If this is what Proverbs 31 has in mind, then Lemu'el could be
its king or chieftain; it could even be that melekh means here a man of
property and substance, a wealthy baron, as may also be the case in
Ecclesiastes 1:1. If, however, Massa is a place, why does Proverbs 30:1
utilise the word in the form ha-massa, "the Massa"? Why is
Proverbs interested in Massa at all when precedents could have been
quoted from nearer home? If Lemu'el is Solomon, why call his
kingdom Massa when it would make more sense to use the name Israel?
Understanding massa as "message" works better within the
context of Proverbs 30:1. Also unusual is the form used to name the
king, "Lemu'el melekh"--"Lemu'el king",
rather than the standard Hebrew usage of Ha-melekh Lemu'el or
Lemu'el hamelekh. The solution seems to be to view massa as a play
on words, as both "message" and a place name.
Are the two women of Proverbs 31 connected? We could identify the
wise woman of 31:1-9 and the woman of worth of 31:10-31 if we could
assume that Solomon is Lemu'el, that Lemu'el's mother is
Batsheva, and that Solomon/Lemu'el listened to his mother's
rebuke and said, "What a clever woman my mother is!" and then
lauded her with a hymn. Impressive, but unlikely. The woman of the
second passage is not a royal queen. The passage is more likely to be an
independent composition, an antithesis to verses 1-9. The eshet hayyil
described in verses 10-31 is certainly a woman of worth, but her
worthiness is business-like, pragmatic and thrifty.

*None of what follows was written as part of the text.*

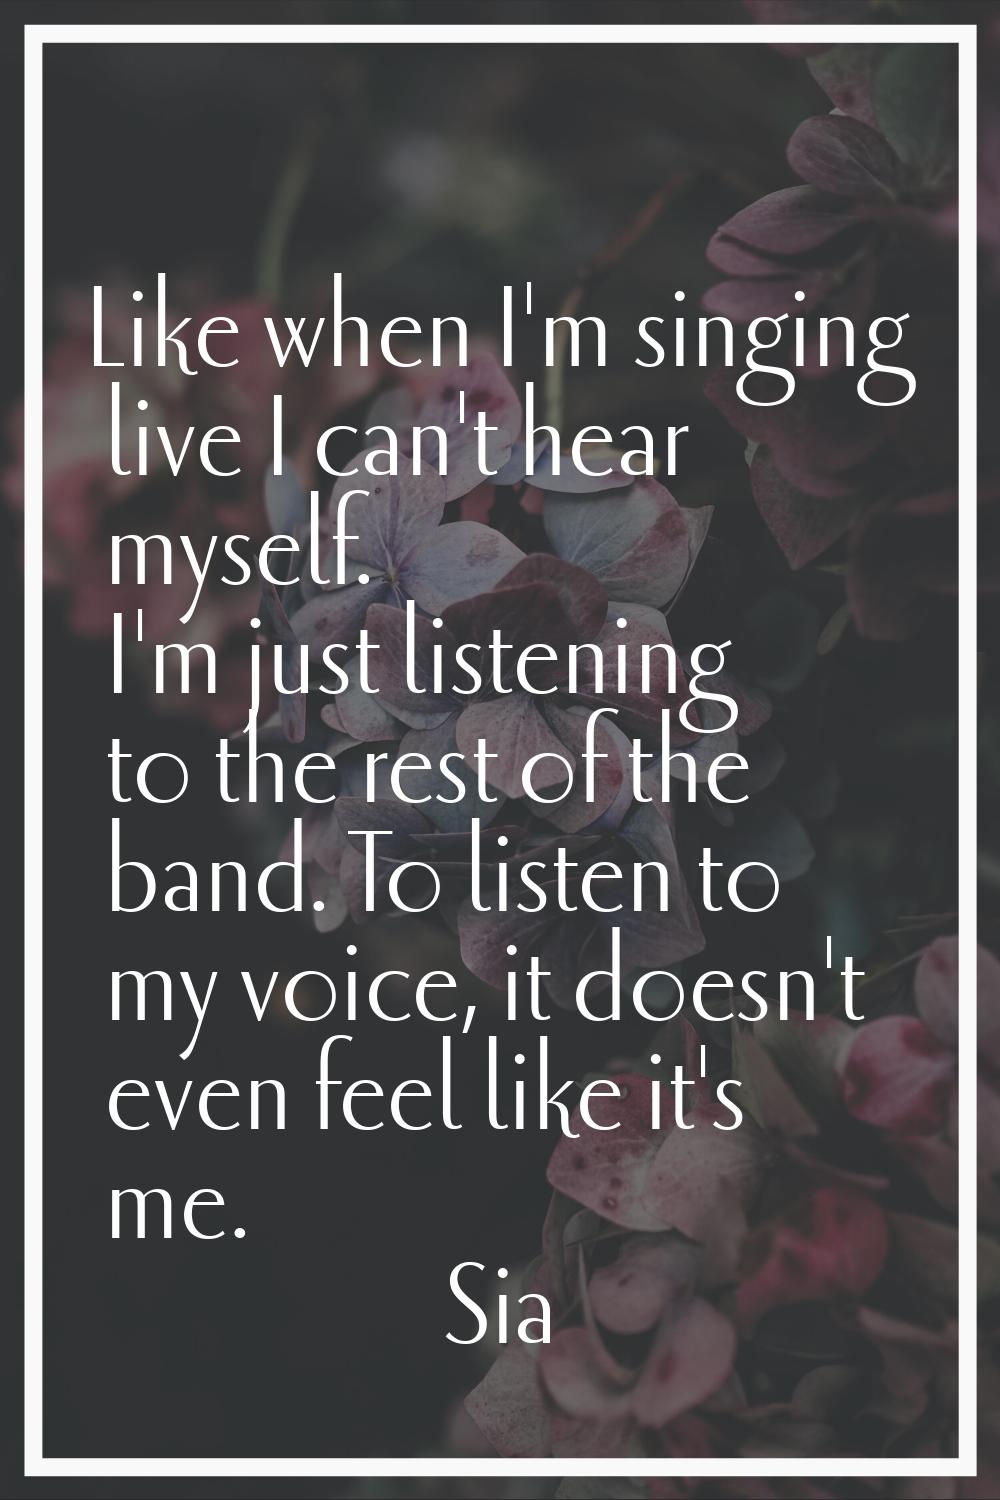 Like when I'm singing live I can't hear myself. I'm just listening to the rest of the band. To list

She is immensely capable, and never stops. She handles both a house
and a business. Her home has servants and elegance, but it is not a
royal palace. It is an upper-class prosperous home where the wife is in
charge. She has a husband, who, thanks to her backing, has the leisure
to sit at the city gate and discuss civic affairs. She has children, but
we are not told anything about them.
There is no indication that her husband is a king, though he is
certainly alive: she is not a queen mother whose husband is deceased,
nor do any of her children seem to be a king. Where the concern of the
first woman is her son, here the priority appears to be her
husband's well-being. Though she makes decisions without him, he
fully trusts her and is sure that all is in safe hands. She is sensible,
but there is no evidence that she has a sharp tongue. Whoever she is,
she appears to be a different woman from the queen mother of verses 1-9.
If this second passage really were a tribute to the king's mother,
the author would have composed a different poem, using the language of
life in a royal palace. The two sections of chapter 31 are clearly
different and distinct, despite some similarities in style and
vocabulary.
Whether the woman of verses 10-31 has a name depends on whether she
is a real person or an allegorical figure. In Jewish sources there are
three main views:
1. She is Jewish womanhood as a whole: "a pious woman"
(Targum), "eager and upright" (Metzudat Tziyyon),
"capable of prosperity" (Ibn Ezra), "a reminder of his
mother" (Metzudat David). The Septuagint sees her as "an
intelligent woman" (cf. 19:14, ishah maskelet). She is not
romantic, sensual, intellectual or even particularly spiritual, despite
verse 30 ("a God-fearing woman, she deserves praise"). She
exemplifies the Wisdom tradition equating the fear of the Lord with
wisdom (Prov. 1:7, 9:10; cf. Ps. 111:10, Job 28:28, Eccl. 1:14) without
preaching piety and prayer.
2. She is the paradigm of the wife who is her husband's
support and help (Gen. 2:18-25)--a woman in a man's world (verse
11). This echoes 18:22, Whoever finds a (good) wife finds happiness (cf.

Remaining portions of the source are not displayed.